Hacker News new | ask | show | jobs
by anxrn 5532 days ago
- Which programming language 'complicates' storing list objects in a hash map? Downright trivial in all languages I can think in (Java, C++, Perl, Ruby, Python)

- What do you mean by uniqueness of elements? There's no mention of sorting by a secondary criterion, if that's what you mean. Which 'standard' sorting algorithm removes duplicates?

- What do you mean by 'unique key maps to a different bucket'? You'd only have to worry about this if you're designing a hashing algorithm, clearly that's not the problem here. You're hashing on age (hence guaranteeing partition on age), and simply adding objects to a list in the hash. Are you implying we'll have to invent a new hash map to solve this problem?

This is literally less than 10 LoC in any high-level language.
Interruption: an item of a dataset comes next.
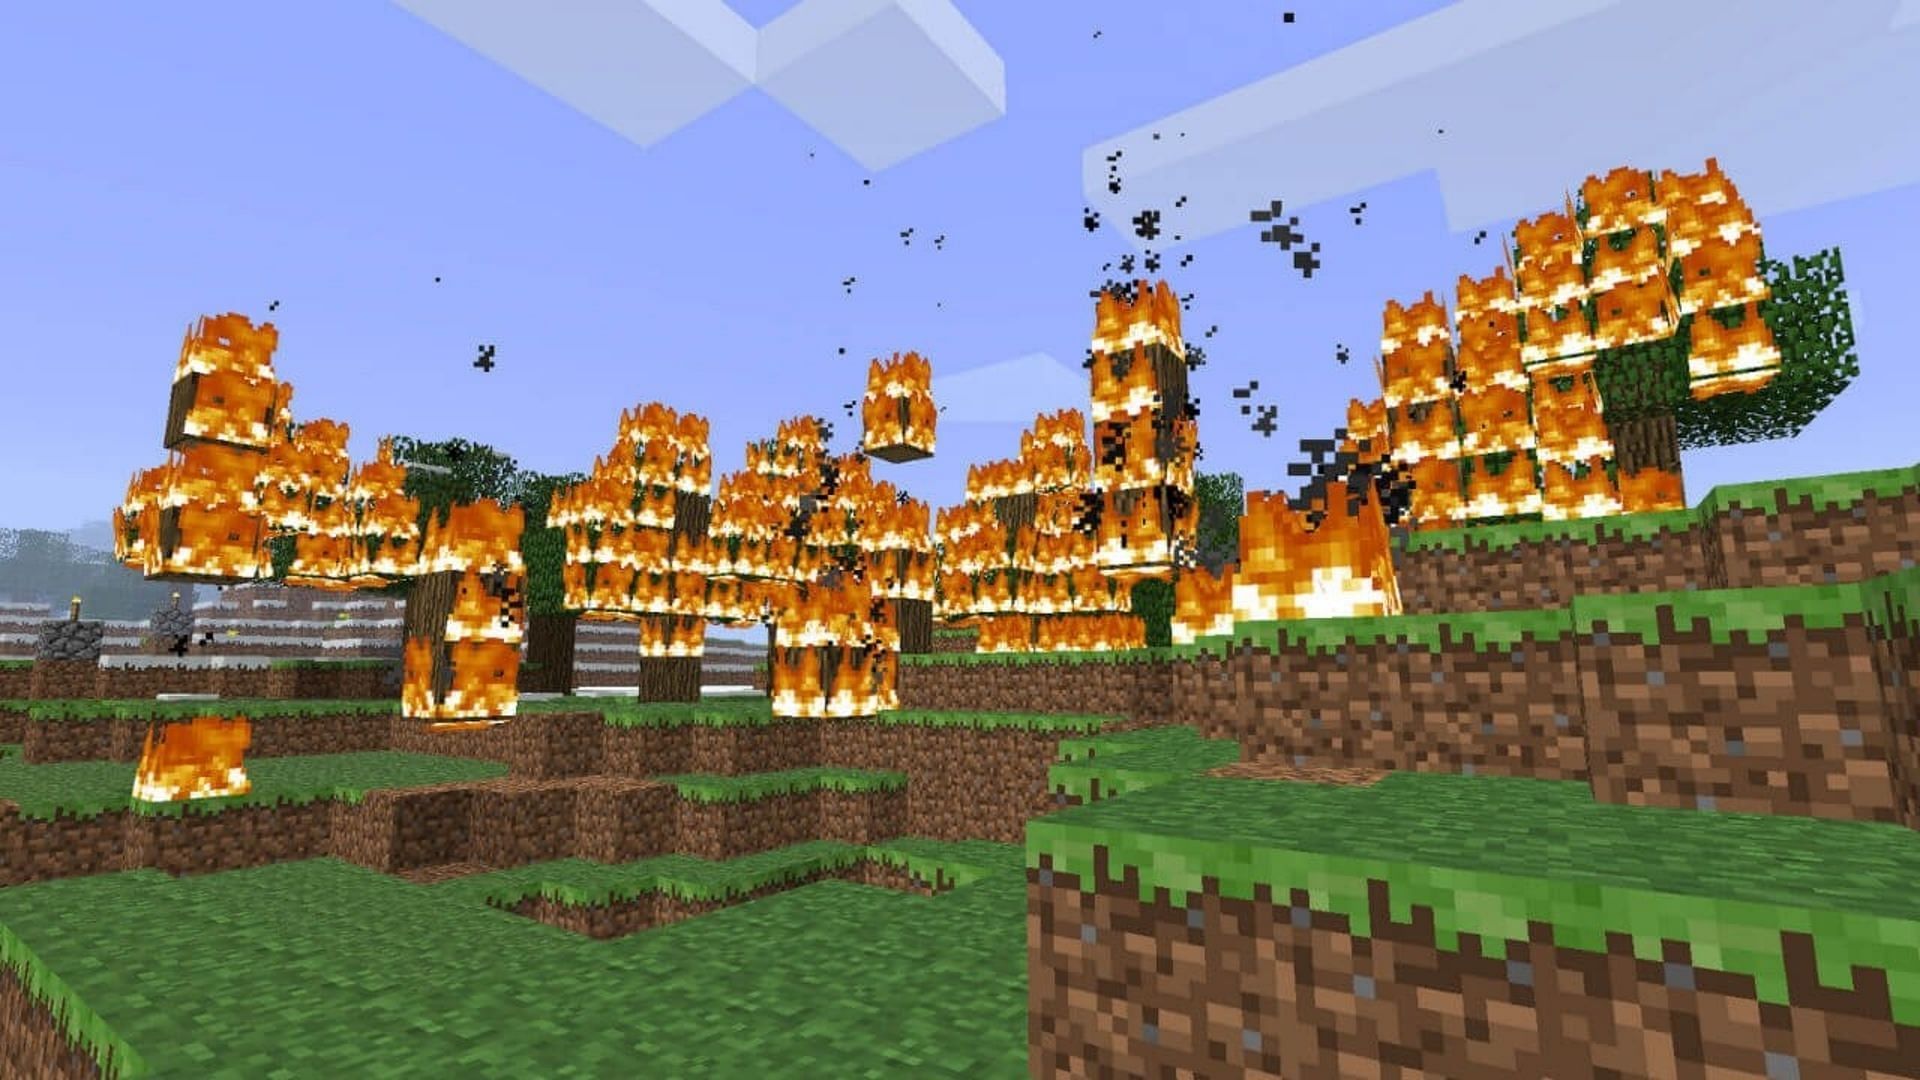 Players should be careful with fire as it spreads quite easily (Image via Mojang)

That 'complexity' surely seems worth O(n) running time?

1 comments

My understanding of bnoordhuis' proposed was that the elements of the hash table would be students, rather than lists of students.
The language was C and my solution (adapted to the article) was something like this:

    // TODO enforce! see also: soylent green
    #define MAX_AGE 100

    struct student {
        const char *name;
        int age;
    };

    struct students {
        long n_students;
        struct student *students[10e6];
    };

    struct students all_students[MAX_AGE];

    void insert(struct student *s) {
        struct students *ss = &all_students[s->age];
        ss->students[ss->n_students++] = s;
    }
So O(1) insertion and O(n) post-processing to stitch the arrays together again. Seems like pretty acceptable performance to me but the Google guy thought otherwise, the answer he was looking for was (probably) a counting sort.

I tried to argue that my solution was a fair bit faster and simpler to boot. That's probably why I didn't get a follow-up interview - no-one likes a smart arse. :-)

Thanks, I'm sorry I misunderstood your brief description.

There's no hash table here, this is just bucket sort. I don't think anyone should care about the difference between counting sort and bucket sort, though. The only thing I would mind about this is that it allocates 100x the necessary memory, but I'm sure you wouldn't actually do that when it matters.